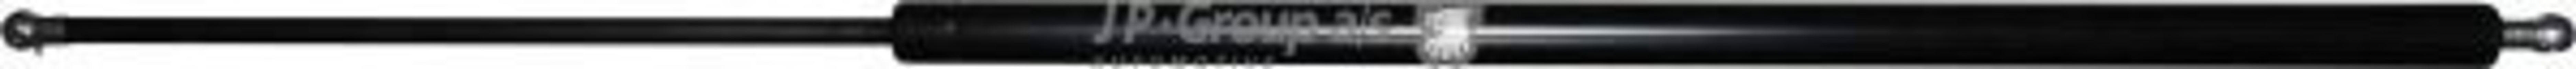 Амортизатор крышки багажника JP GROUP 1281204000
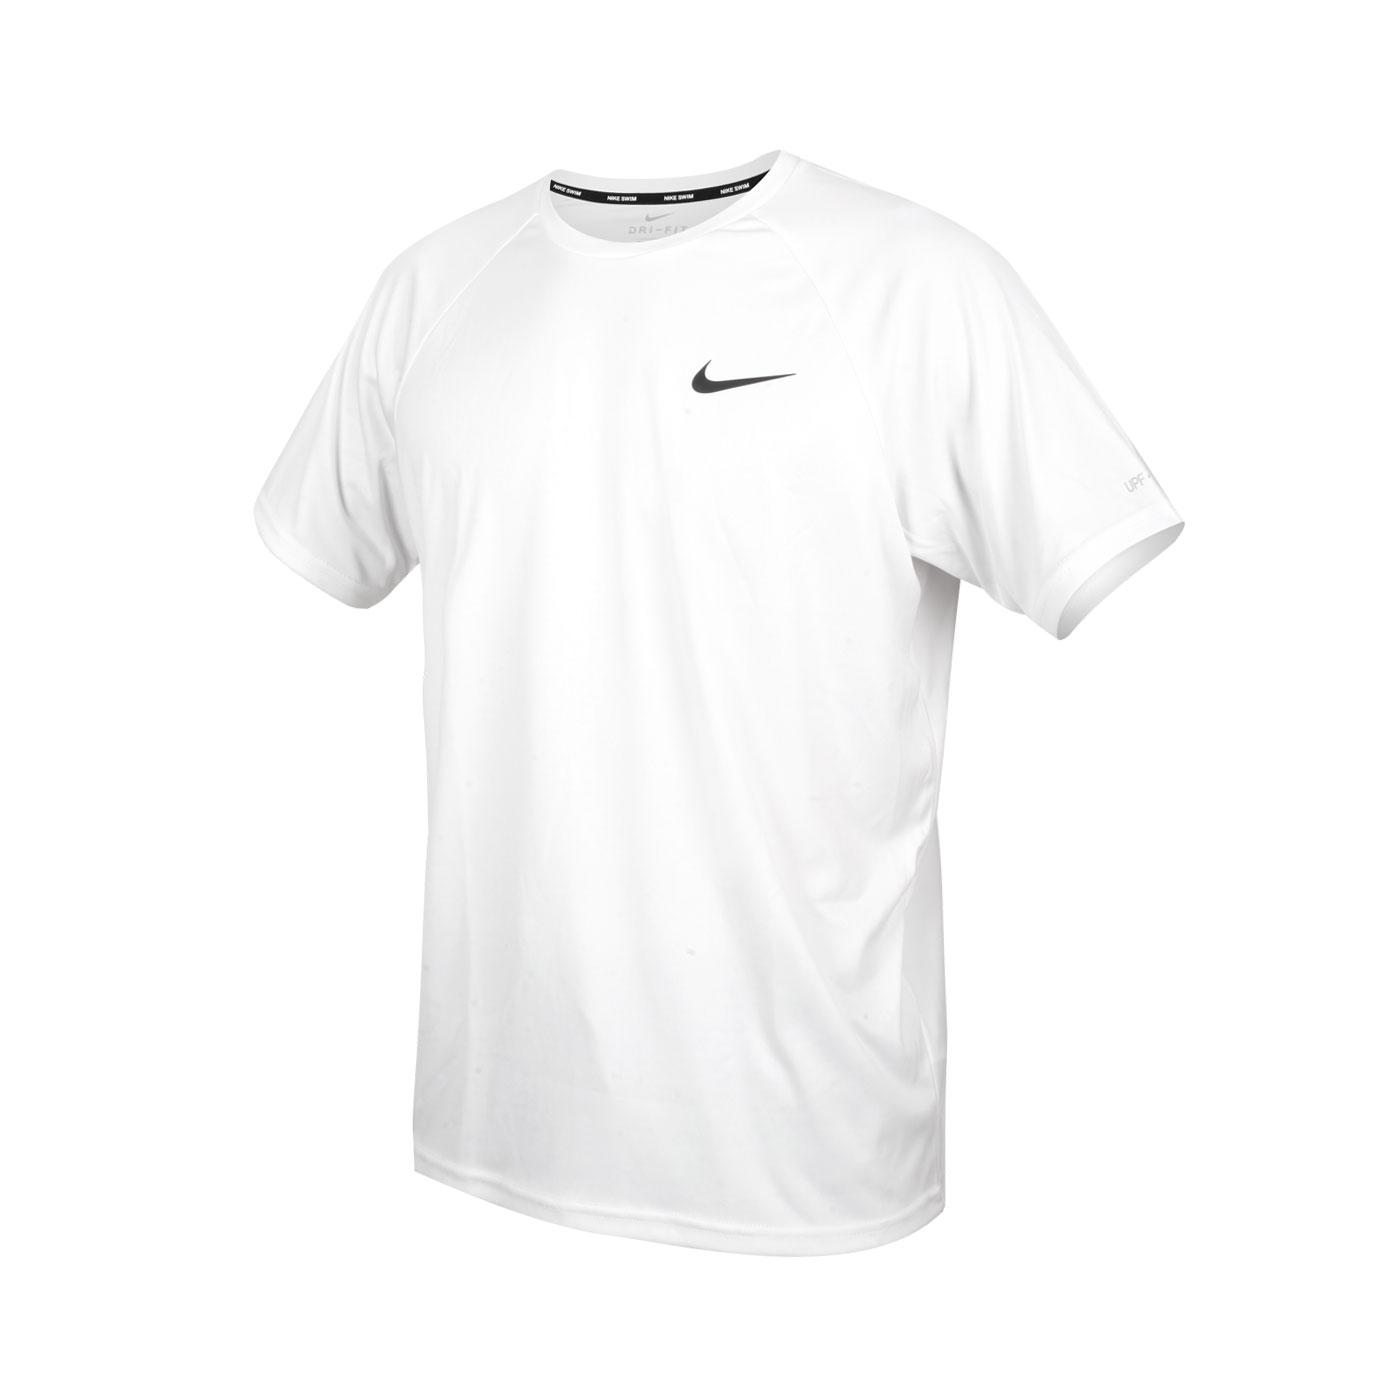 NIKE SWIM 男款短袖防曬T恤 NESSA586-100 - 白黑
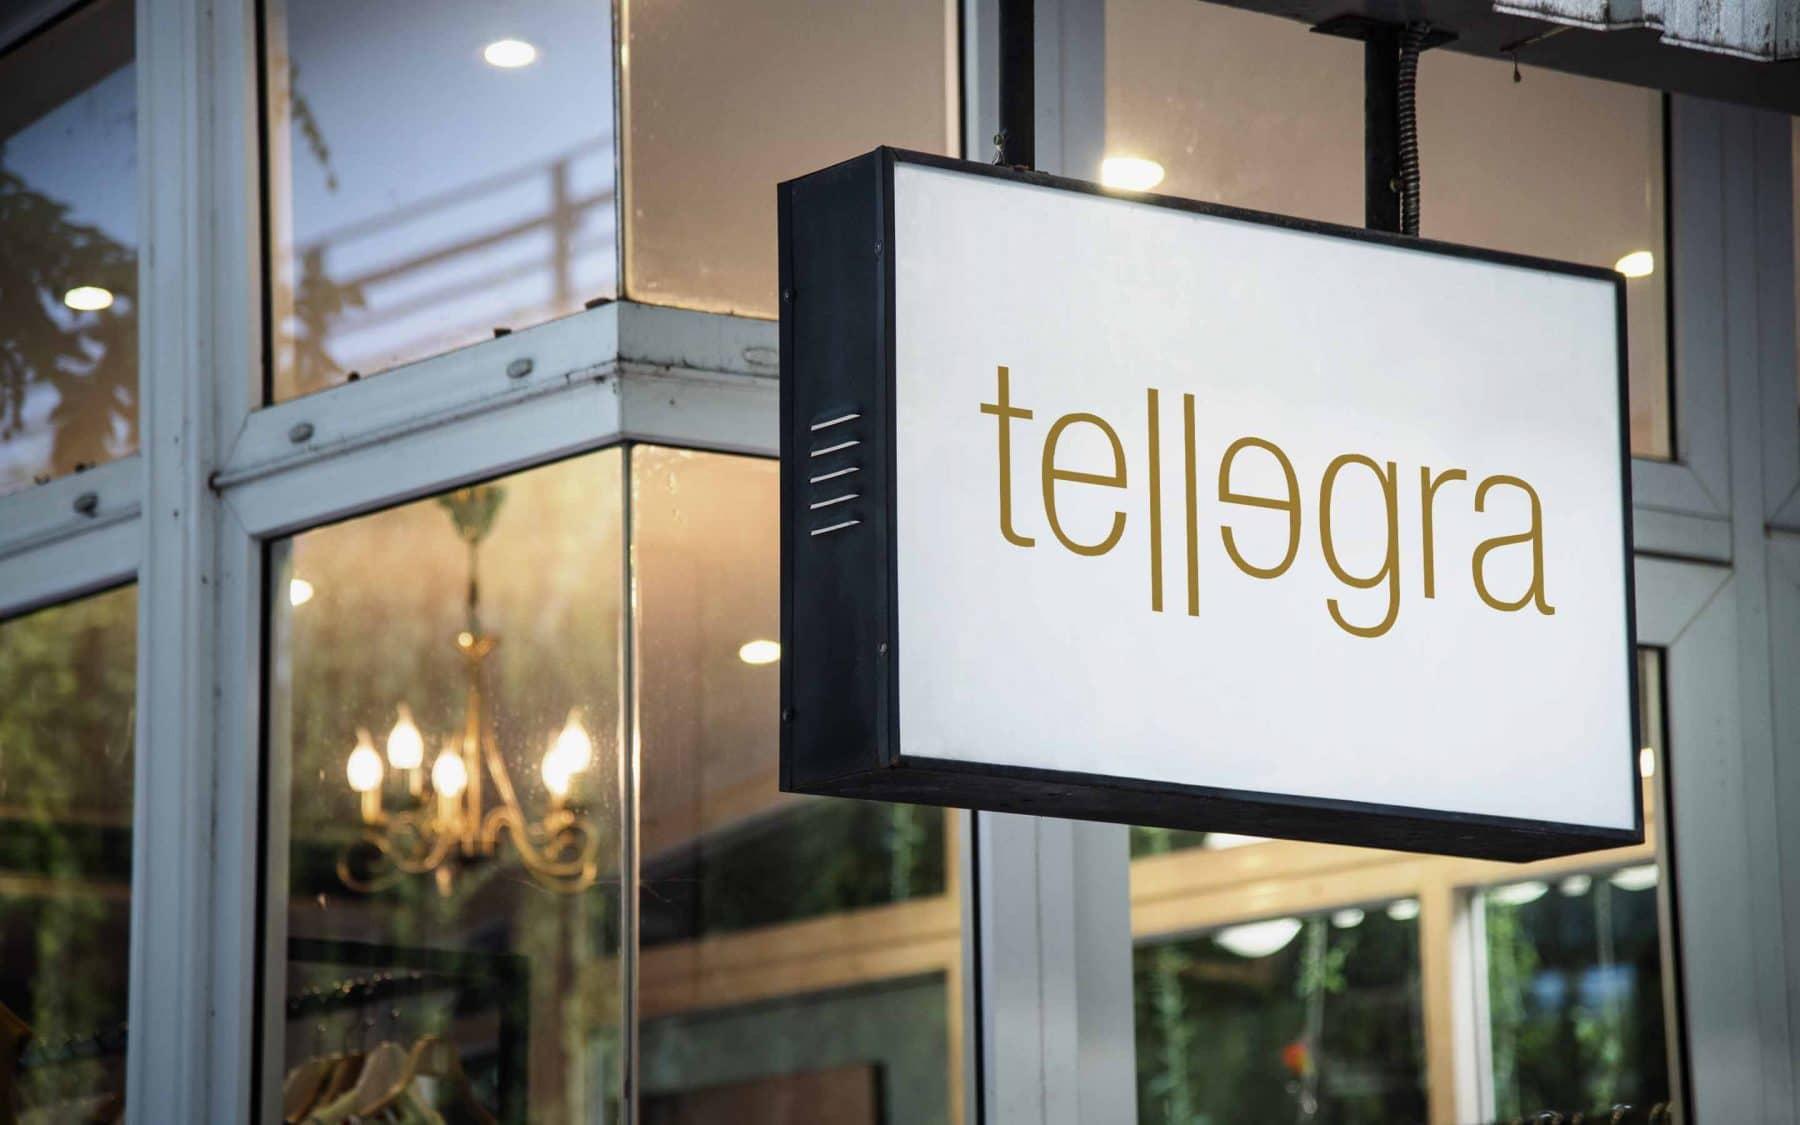 Tellegra 3

▶ What to do
Repeat the data in full, exactly as it stands, but drop every picture.

▶ Solution to this exercise
 Амортизатор крышки багажника JP GROUP 1281204000
 NIKE SWIM 男款短袖防曬T恤 NESSA586-100 - 白黑
 Tellegra 3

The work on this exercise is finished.